Неведомая сила отбросила его прочь от девушки в самый угол палаты. Бориса впечатало в стену. Он медленно сполз, не чувствуя боли в онемевшем, отбитом теле, и уже оттуда широко раскрытыми глазами смотрел, как яркий свет заполняет пространство.
Секундная вспышка.
Удар по глазам.
И полная темнота.
Только спустя время Суховской сообразил, что рядом с ним суетятся люди. Кто-то бинтовал ему обожженные руки.
– Господин Суховской, вы меня слышите? – словно сквозь вату долетел чей-то встревоженный голос. – Вы знаете, что здесь произошло? Где ваша дочь?
– Моя дочь? – он мотнул головой. Та отозвалась противным гулом и тупой болью в затылке. – Почему здесь темно? Включите свет, мать вашу!
Кто-то склонился над ним. Борис не увидел – просто почувствовал.
– Посмотрите сюда, – сказал уже другой голос. – Вы меня видите?
– А должен? – мрачно хмыкнул мужчина.
– Так, позвольте, я кое-что уточню.
Борис не сопротивлялся, когда чьи-то пальцы оттянули ему веко. В темноте заметалось размытое, едва заметное белесое пятно.
– А теперь? – спросил тот самый навязчивый голос. – Что видите?
– Ничего! Пятно какое-то. Где моя дочь? Что вы с ней сделали?
– Боюсь, тот же вопрос мы пришли задать вам, Борис Семенович.
– И что это значит? – он весь подобрался.
– Ваша дочь исчезла.
– Что? Как это исчезла?
Позабыв про боль, он тяжело поднялся.
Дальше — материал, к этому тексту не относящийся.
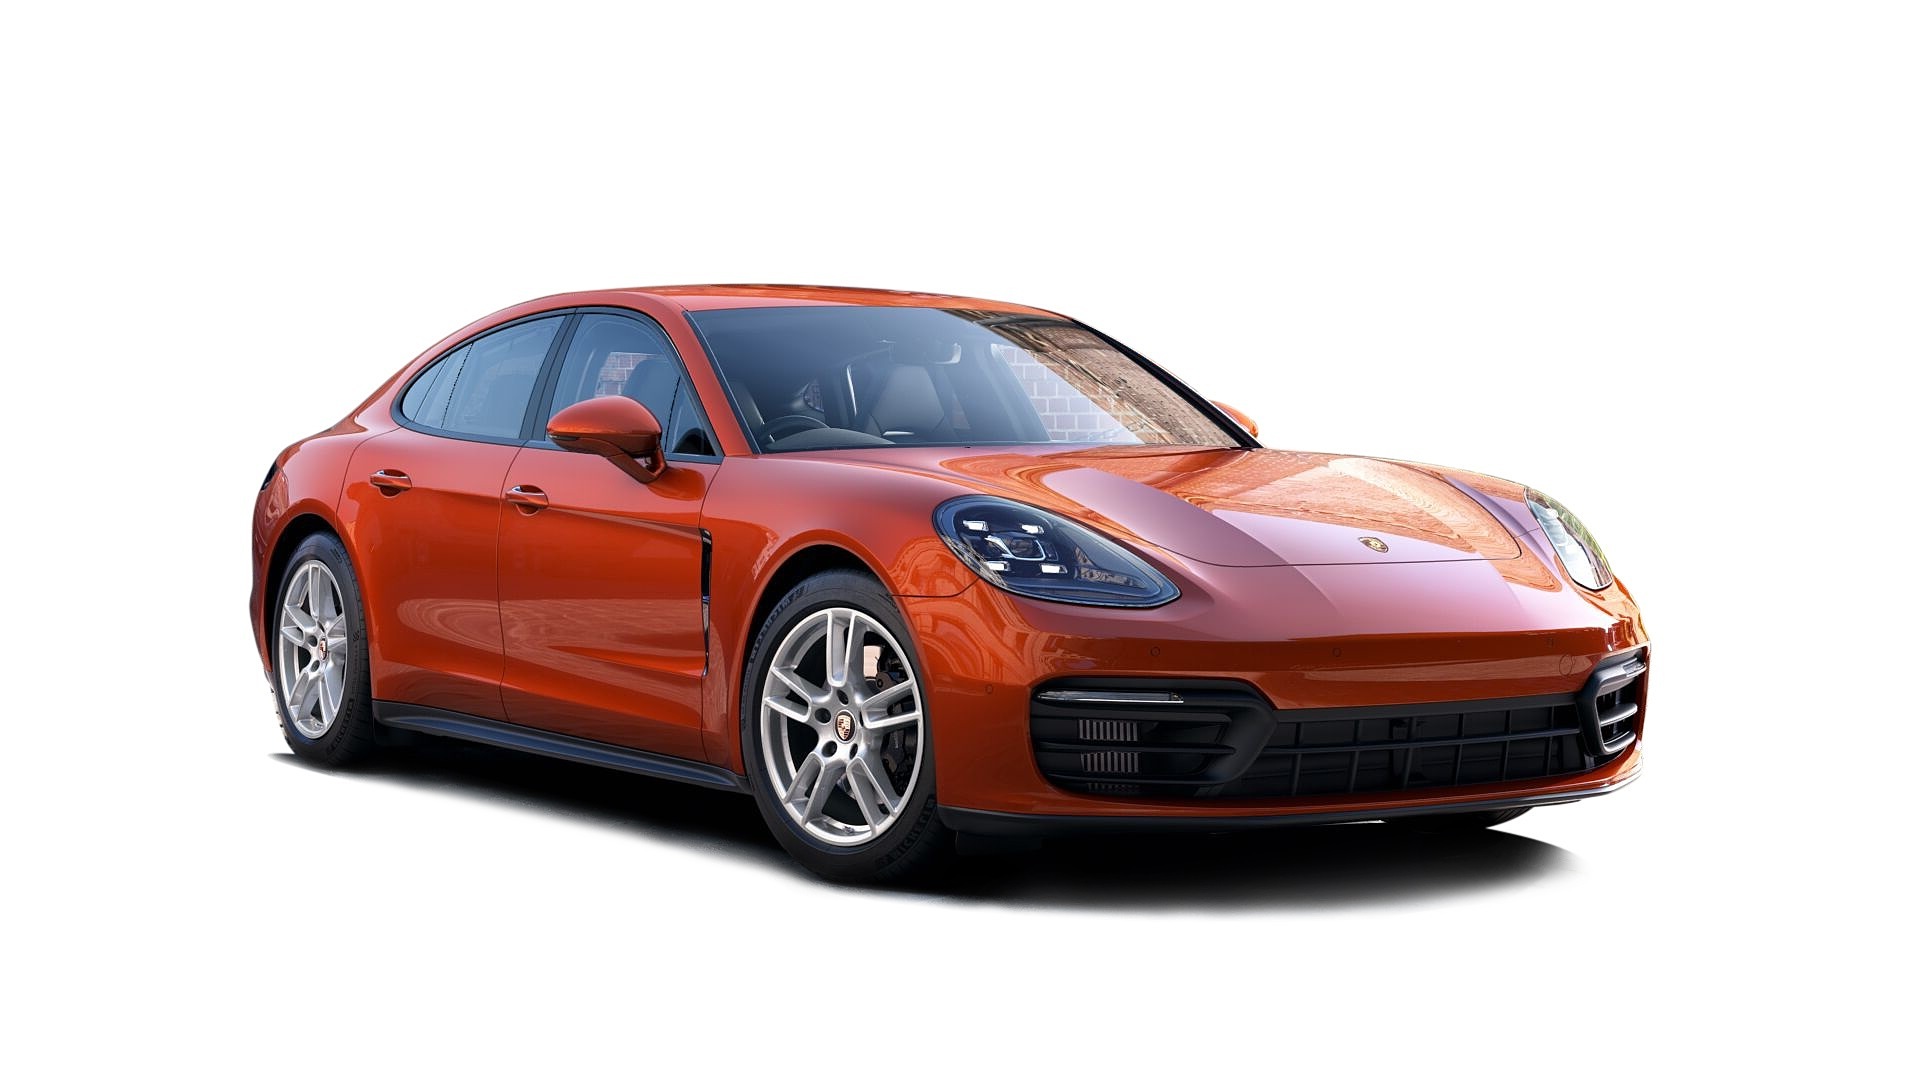 Porsche Panamera Car Mileage, Engine, Price, Safety and Features, Space

Ничего не видя в окружающей тьме, просто шагнул в сторону голоса.
– Сядьте, пожалуйста, – кто-то попытался его удержать.
– Р-руки! – рыкнул Суховской. – Я хочу знать, что с моей дочерью! Она четыре месяца пролежала тут, не приходя в сознание. А теперь вы заявляете, что она исчезла? Как? Ушла ногами? Или ее похитили?
– Это мы и пытаемся выяснить. К сожалению, в момент инцидента все камеры вышли из строя, как и вся электроника на этаже. Мы не знаем, что здесь случилось, но обязательно выясним. И надеемся, что вы нам поможете.
– А я надеюсь, что вы найдете мою дочь! Иначе я вашу богадельню по камешку разберу!
Охваченный гневом, он не заметил легкий укол. Лишь когда тело стало тяжелым и непослушным, понял: ему что-то ввели.
– Тебе нужно отдохнуть, – на этот раз голос был женским. – Я обо всем позабочусь.
– Тамара? – прохрипел Суховской, борясь со сном.
Нежные, но настойчивые руки уложили его на что-то мягкое. Видимо, кровать.
– Спи. Все хорошо.
Это прозвучало словно приказ. И Борис покорно смежил веки.
– Что с ним? – прошептала Тамара у него за спиной, боясь разбудить. – Почему он ничего не видит?
Но он и не спал. Сознание продолжало цепляться за эту реальность.
– У него пострадала сетчатка. Такое бывает, если без защиты смотреть на затмение солнца.
– Но зрение восстановится? – супруга разволновалась.
– Мы сделаем все, что в наших силах.
Последняя мысль Суховского была о Диане. А потом он отключился.